**What is required**
Print the listing below verbatim, passing over each picture.

**Source data**
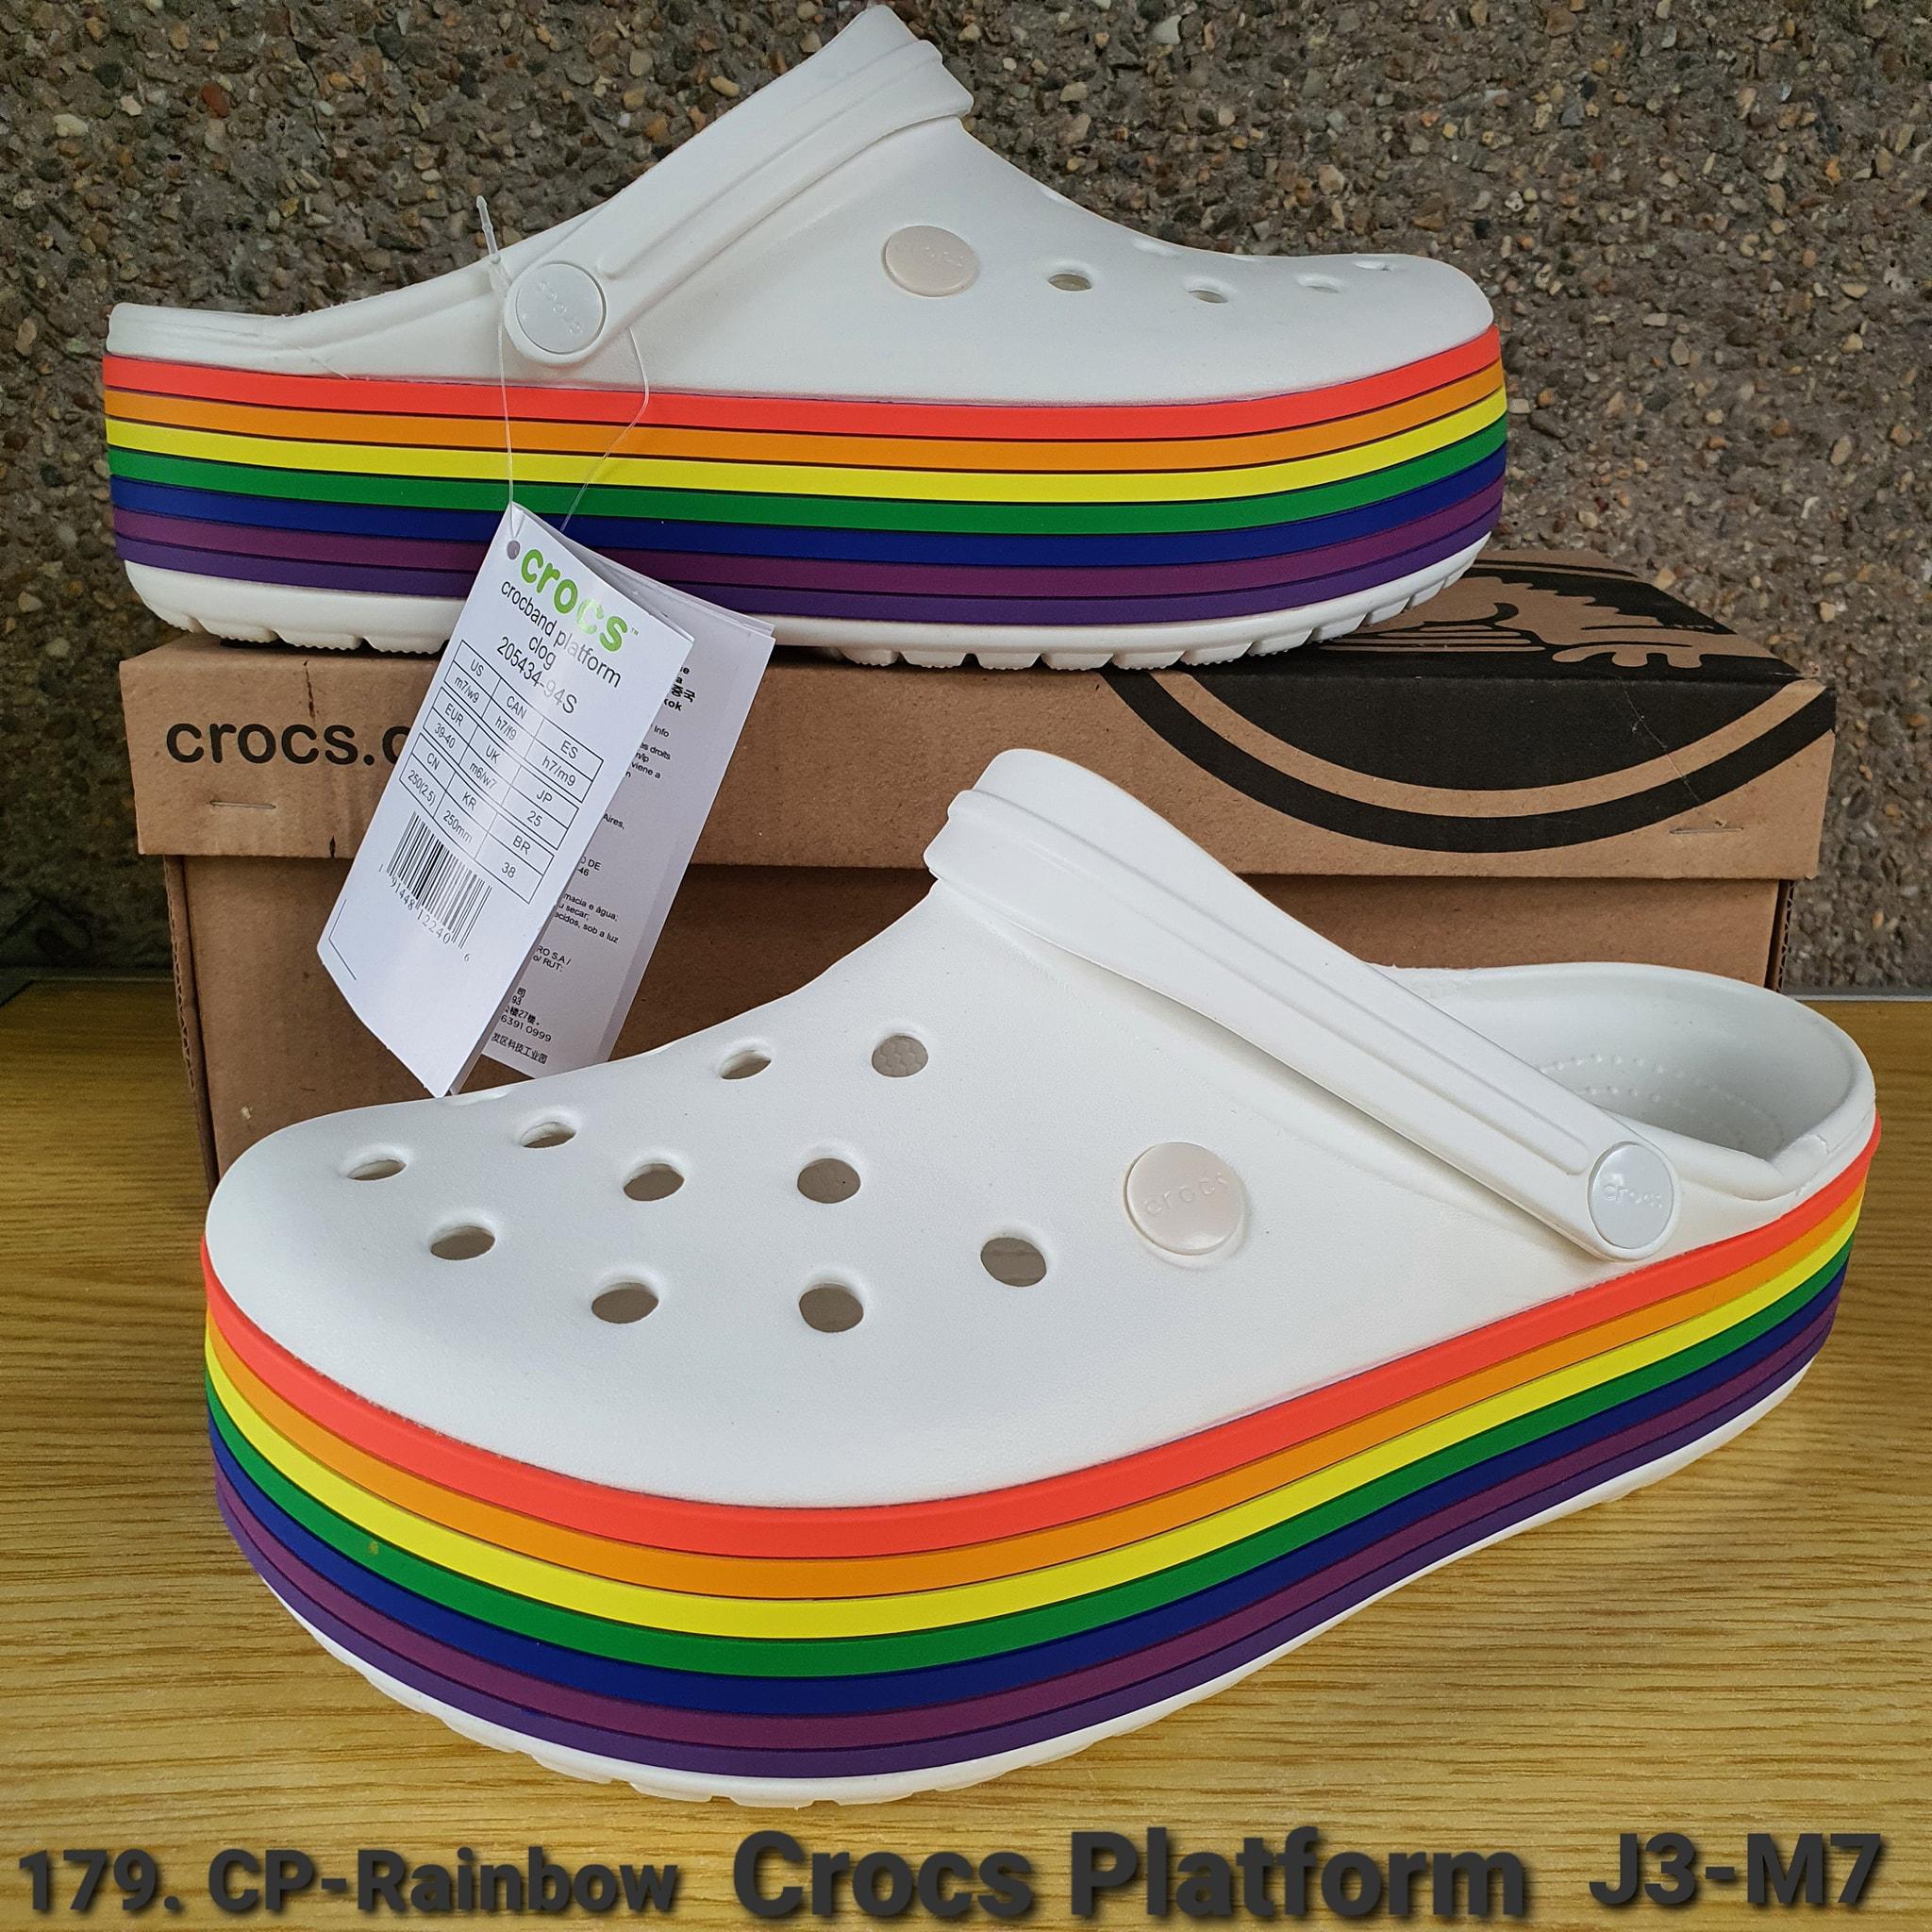 Crocs 179. CP-Rainbow Crocband Platform
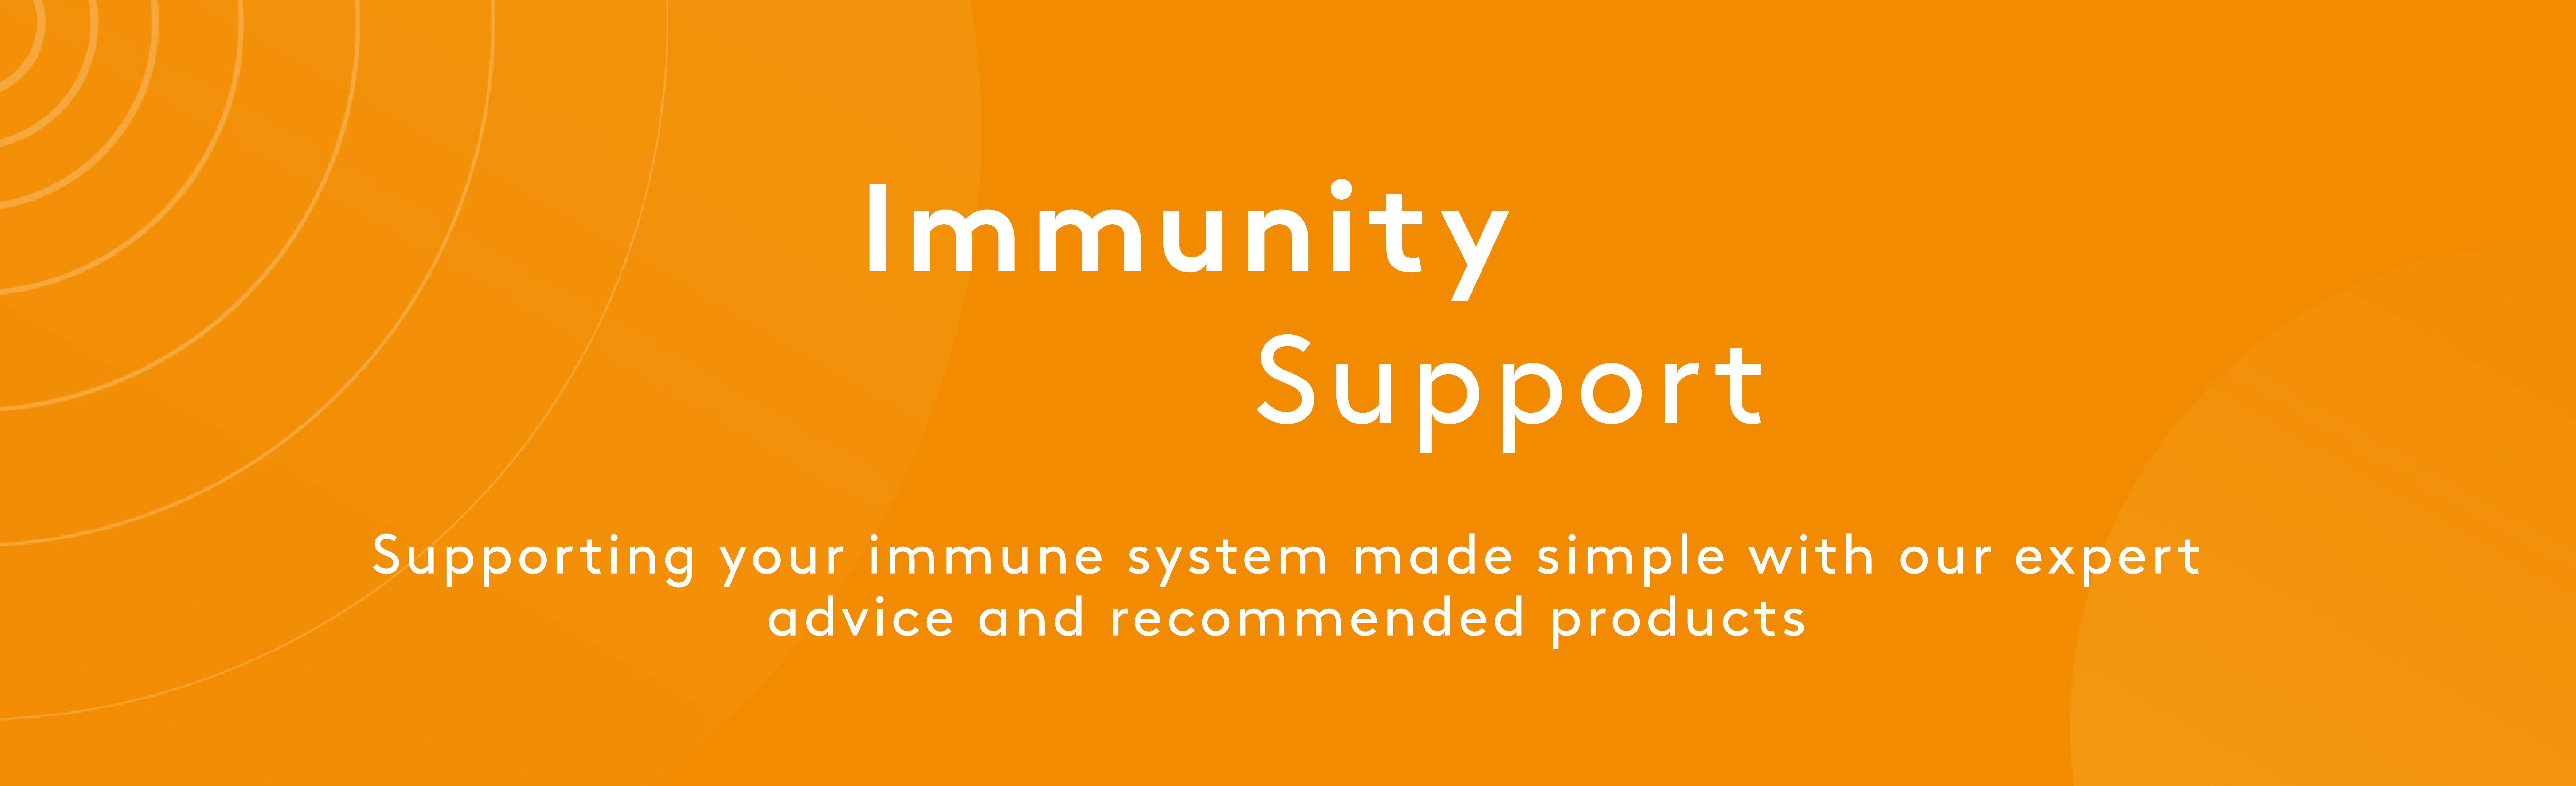 Immunity Support | Myvitamins
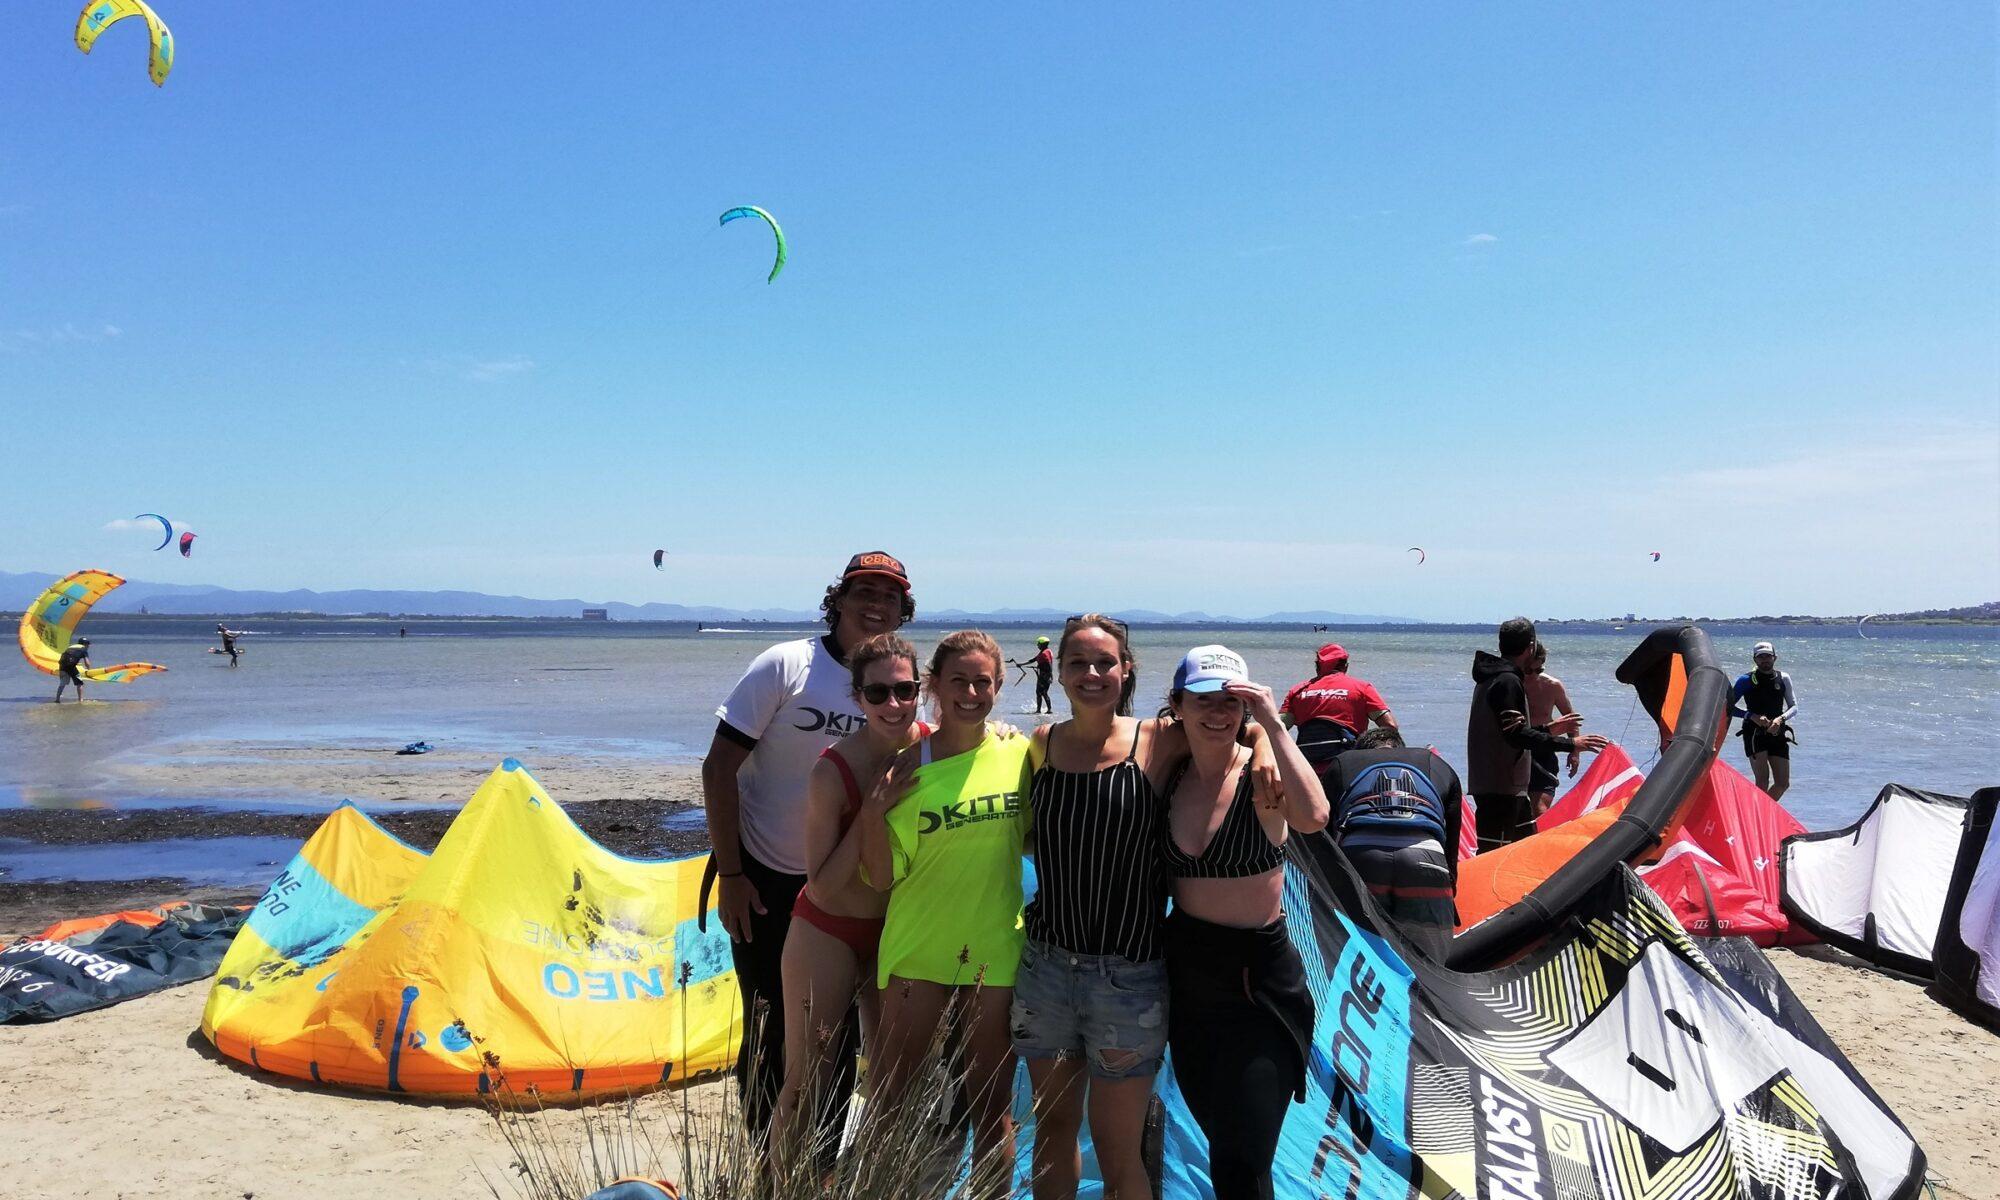 Impara il kitesurf con un Kite Camp a Punta Trettu in Sardegna

**Output**
 Crocs 179. CP-Rainbow Crocband Platform
 Immunity Support | Myvitamins
 Impara il kitesurf con un Kite Camp a Punta Trettu in Sardegna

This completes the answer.